Sweet Loretta Fat needs all the good thoughts she can get right now.


----------



## spring pace (Aug 4, 2009)

hope you can keep her as comfortable as possible and that she doesnt have to suffer. my thoughts and angels are w/ you. so sorry for the so sad news.


----------



## Isa (Aug 4, 2009)

O no, I am sorry to hear that Loretta is not doing too good Clementine. I will pray for her and both of you are in my thoughts.


----------



## Yvonne G (Aug 4, 2009)

I know its just a lowly lizard, but we DO invest quite a lot of emotion into our treasured pets, no matter what kind they are. Here's hoping Loretta gets through this ok. 







Yvonne


----------



## Crazy1 (Aug 4, 2009)

Good thoughts coming for Lorretta and 3's, way from Me and all of mine.


----------



## terryo (Aug 4, 2009)

Oh..hugs and prayers for you and lil Lorretta. That is so sad.


----------



## Clementine_3 (Aug 5, 2009)

Thanks everyone.
Yes, she is so much more than a lowly lizard. My friends humor me and pretend to be concerned with me about my critters but I know they just don't understand. 
She is resting comfortably in her humid hide right now, she was on top of it yesterday for a bit so is moving around. I must have gone over to her tank 1000 times to check on her, she's probably thinking "back off crazy lady, let a girl rest!". She looks so tired and pale 
The vet was not optimistic but did say she could pull through and be fine for "who knows how long" but someday that artery is going to give out and that will be that.
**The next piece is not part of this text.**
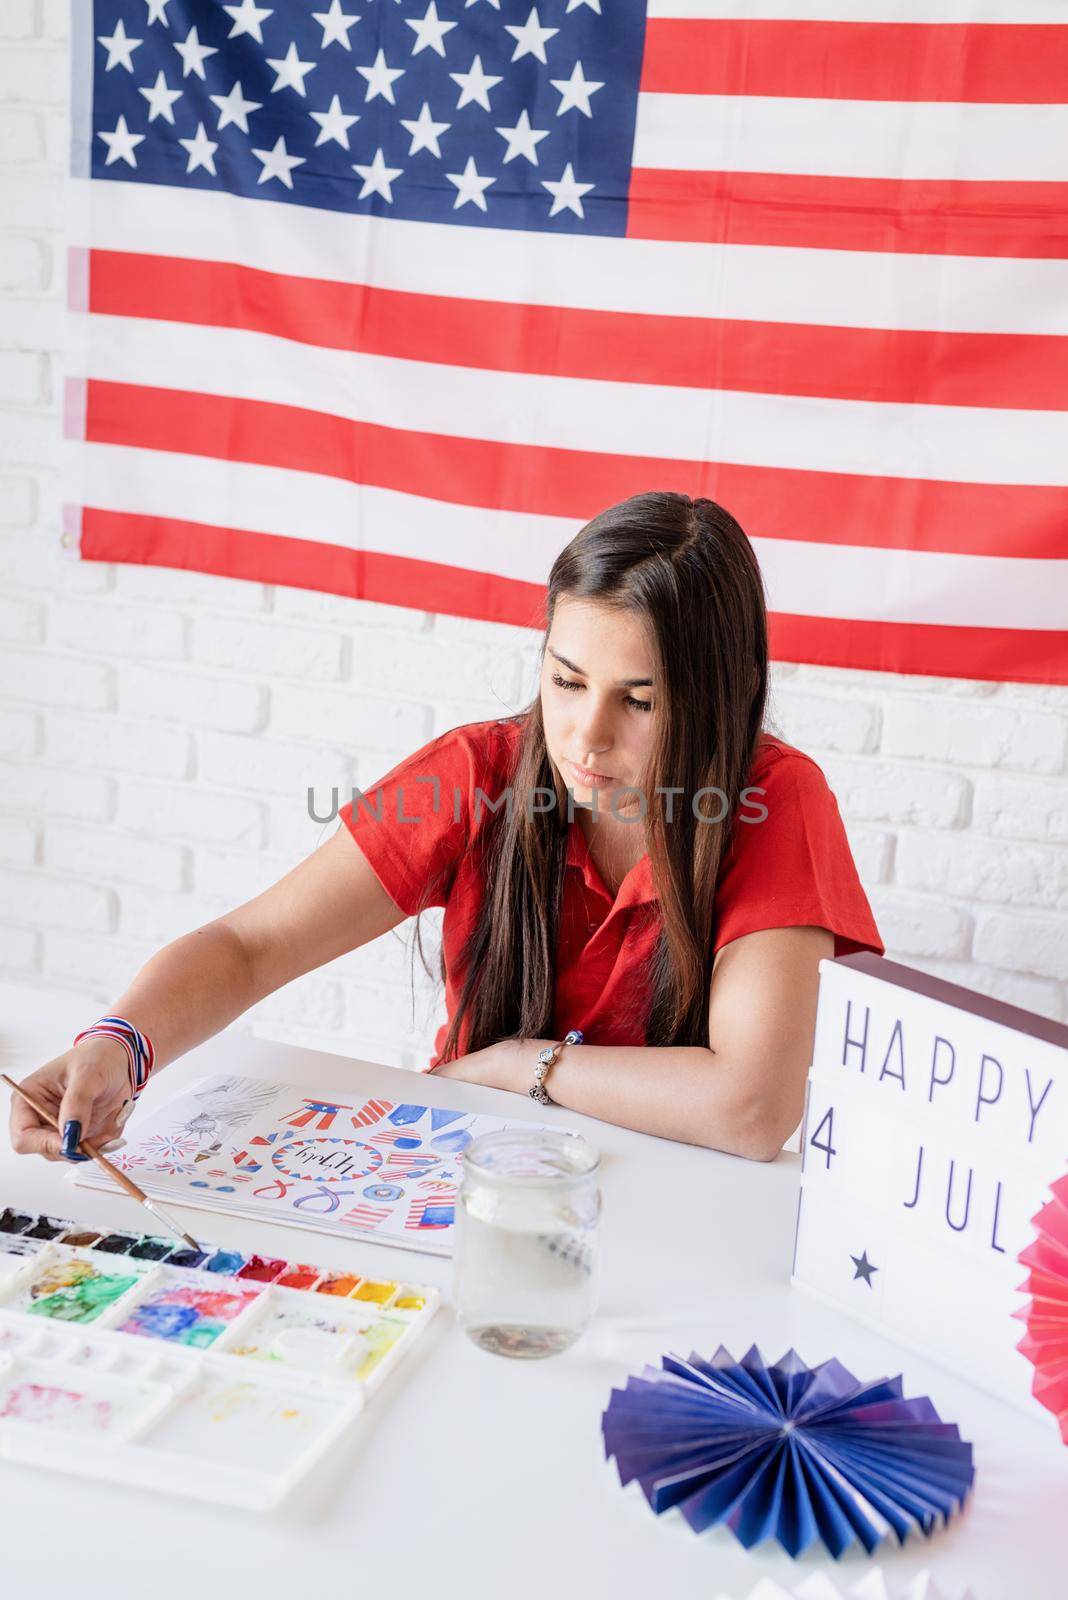 Independence day of the USA. Happy July 4th. Beautiful woman drawing a watercolor illustration for Independence day of the USA. Happy 4 July the text on the lightbox

I'm certainly hoping "who knows how long" is rather a long time.
I have to give her a drop of vitamin K every day for 10 days, he said it can't do any harm and it may help her clotting.


----------



## ChiKat (Aug 5, 2009)

Oh I'm so sorry  I have 2 leos and I would be devastated if something happened to one of them. You're right about some people just not understanding about our "lowly lizards" but they're our babies!!
Get well soon Loretta!! 
*hugs*


----------



## Stazz (Aug 6, 2009)

Aw nooo I am so sorry to hear that Clementine ! I will pray for Loretta. You are in our thoughts and many prayers.


----------



## Nay (Aug 6, 2009)

Clementine, I do know so much when you say people say things to be polite. I am the crazy exotic lady, give it to Nay she'll take anything home. But it's the love of the critters that draw us. They want simple things that we can provide for them, as best we can. And nothing more. Those little Geckos are so cool. We just lost one of our anoles and you just wonder what we could do differently.
I will wish happy thoughts for Loretta.
Nay


----------



## Clementine_3 (Aug 7, 2009)

Thanks!
I got a sort of good look at her little belly today (no handling, she was walking around a bit) and it looks fantastic. I couldn't see any of the nasty pooled blood so her little self must be reabsorbing it. She still looks awful but seems to feeling a bit better. Poor girl.


----------



## Clementine_3 (Aug 7, 2009)

OK, I just have to tell!!! She just ate!! I'm so happy right now  Her tongue is nice and pink, it had been almost white due to her blood loss. She still looks tired but she ate with her pink tongue!!!!


----------



## Isa (Aug 8, 2009)

Clementine_3 said:


> OK, I just have to tell!!! She just ate!! I'm so happy right now  Her tongue is nice and pink, it had been almost white due to her blood loss. She still looks tired but she ate with her pink tongue!!!!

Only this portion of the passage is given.